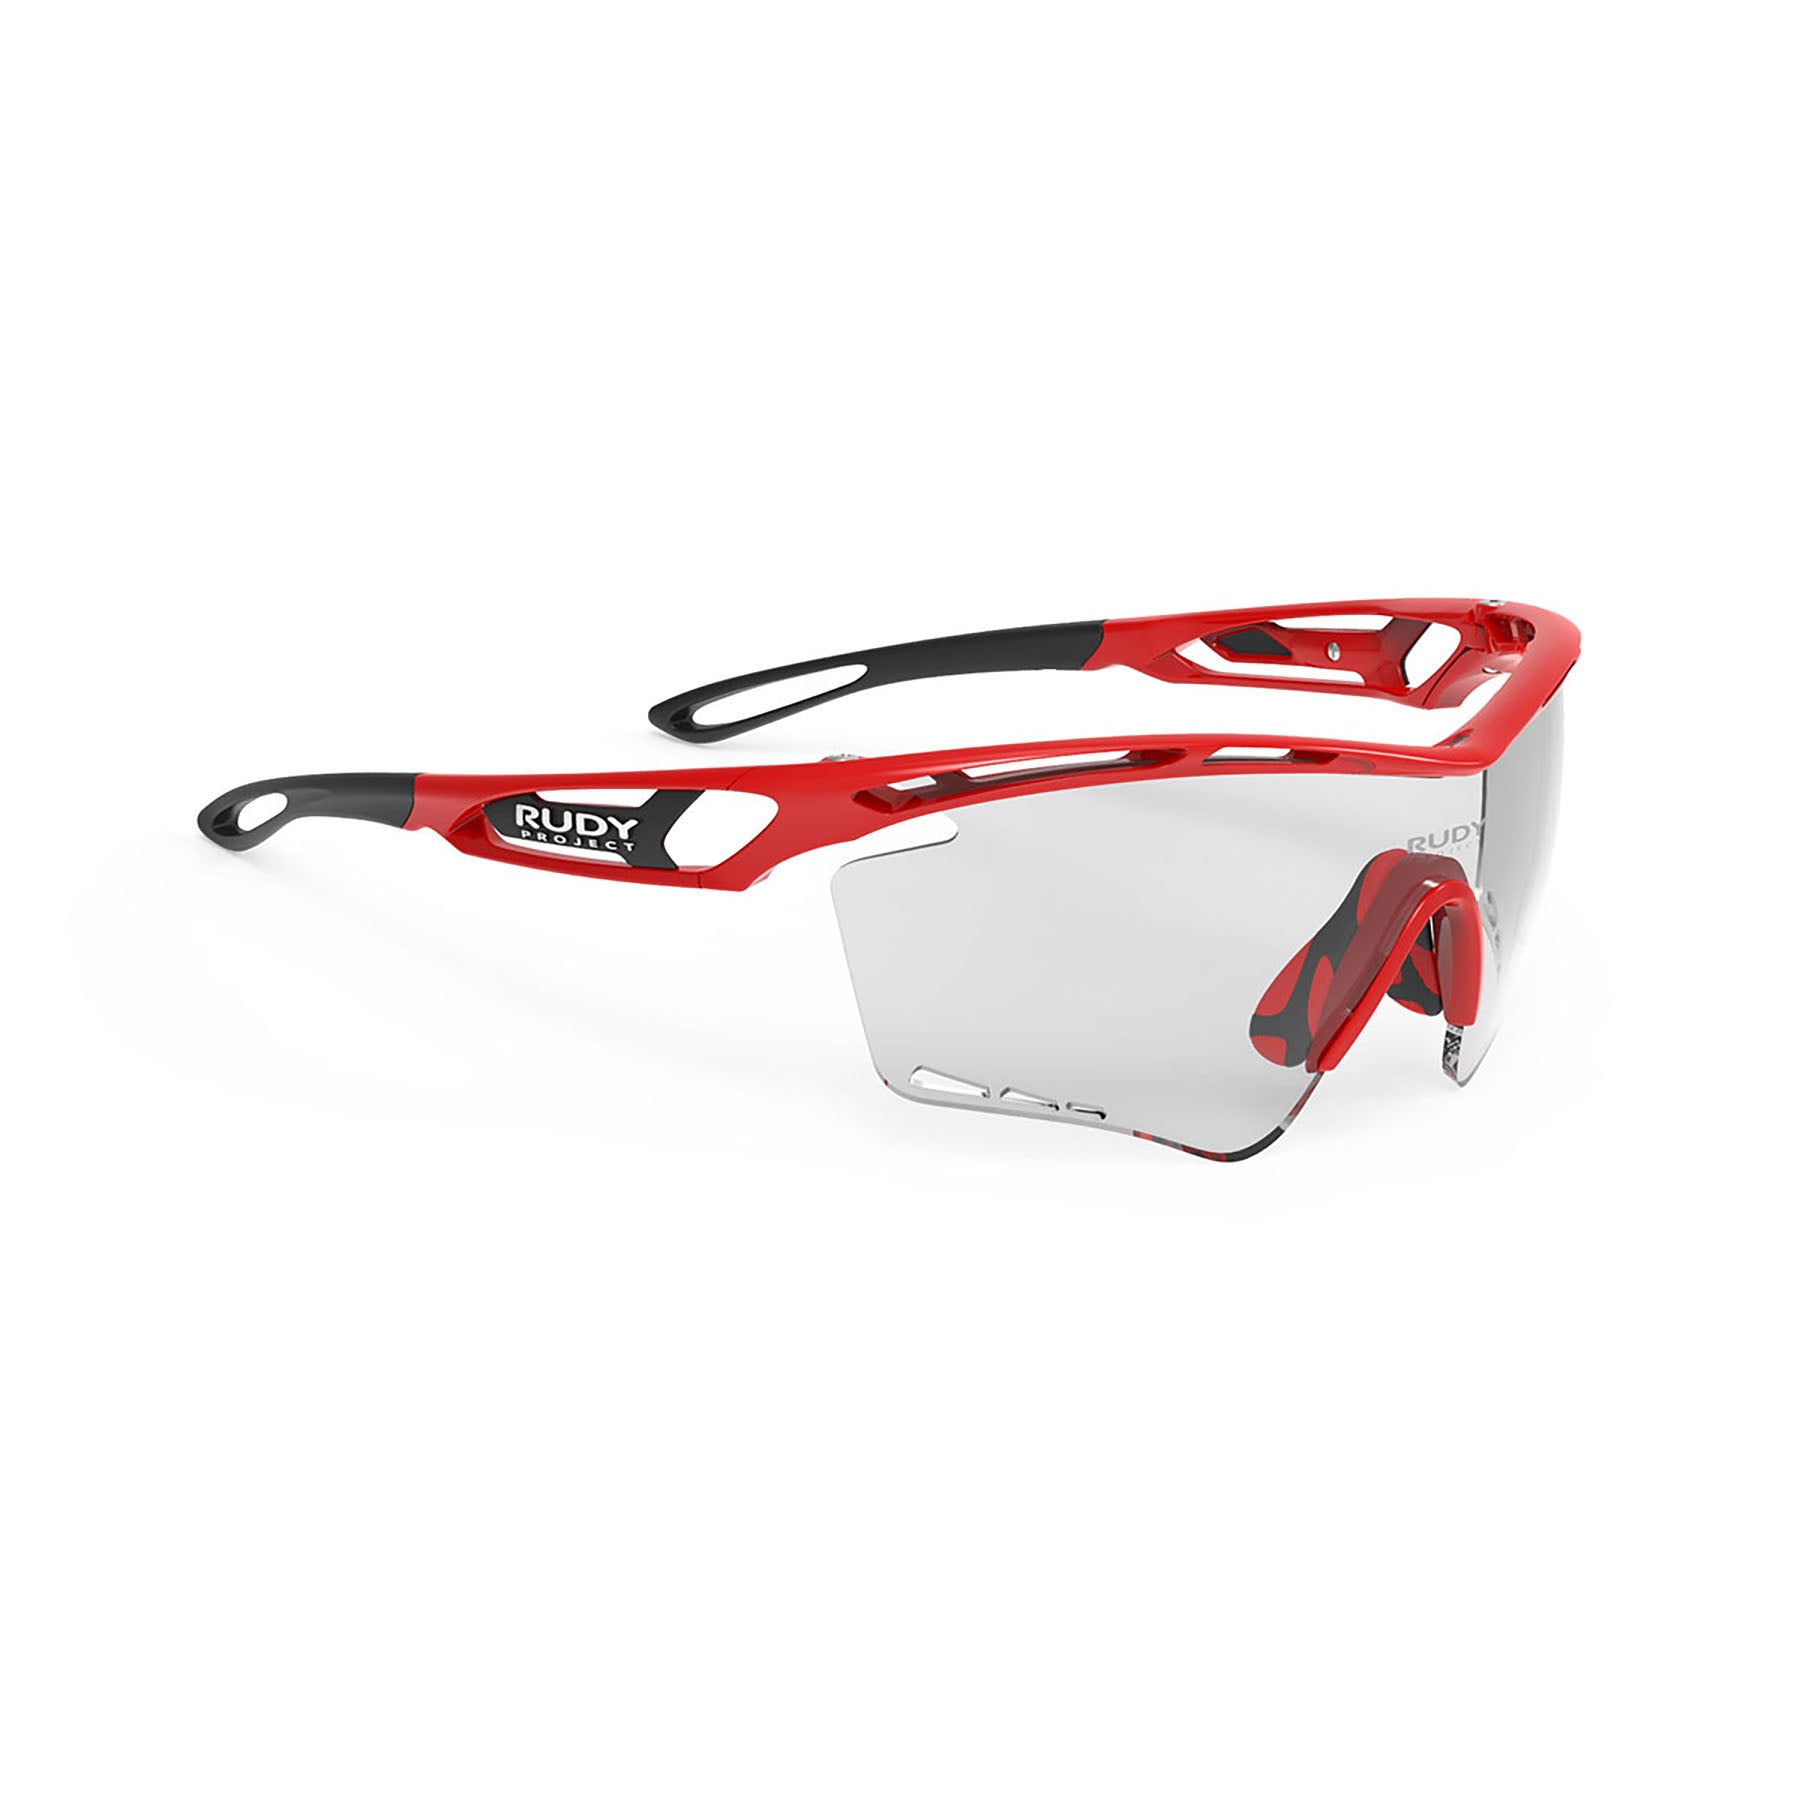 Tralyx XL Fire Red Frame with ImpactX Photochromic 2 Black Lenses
--- --- ---
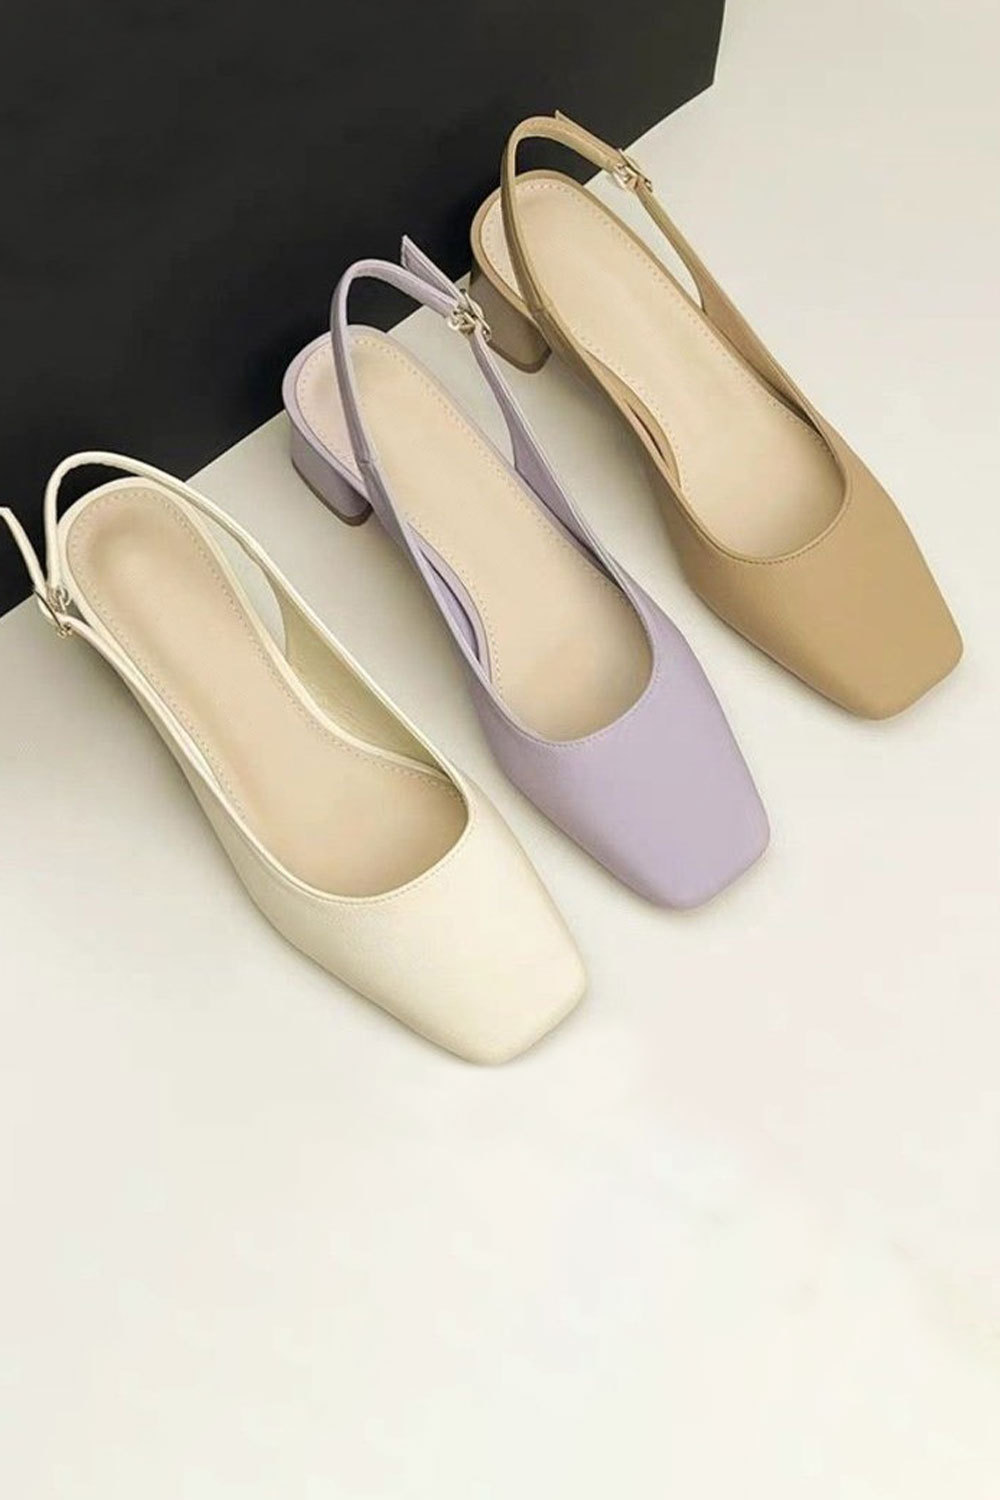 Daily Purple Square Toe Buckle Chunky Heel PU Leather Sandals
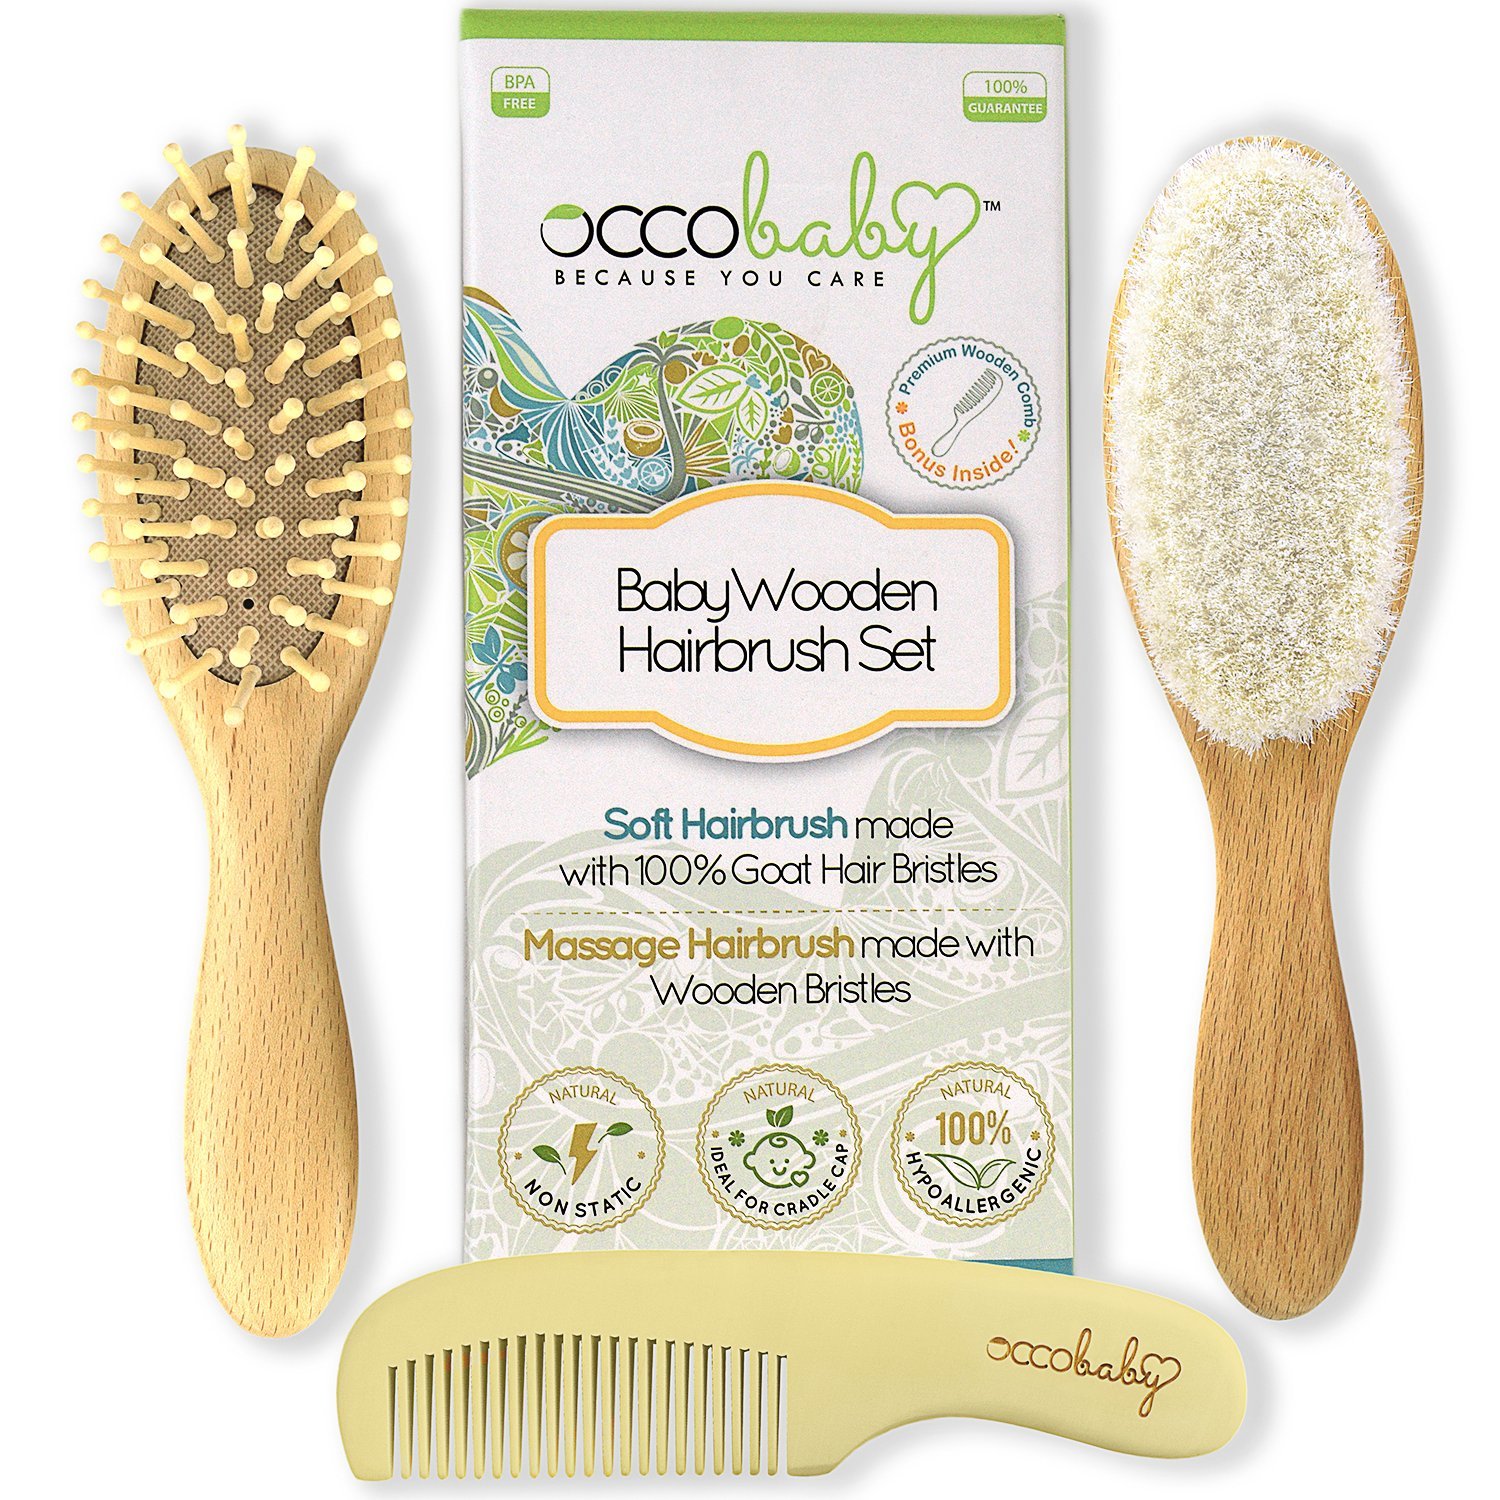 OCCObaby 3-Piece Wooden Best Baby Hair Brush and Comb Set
--- --- ---
*Task instructions*. Return the material from the line containing "Daily Purple Square" through the line containing "OCCObaby 3-Piece Wooden", exactly and in full, but without its pictures.

*Response*.
 Daily Purple Square Toe Buckle Chunky Heel PU Leather Sandals
 OCCObaby 3-Piece Wooden Best Baby Hair Brush and Comb Set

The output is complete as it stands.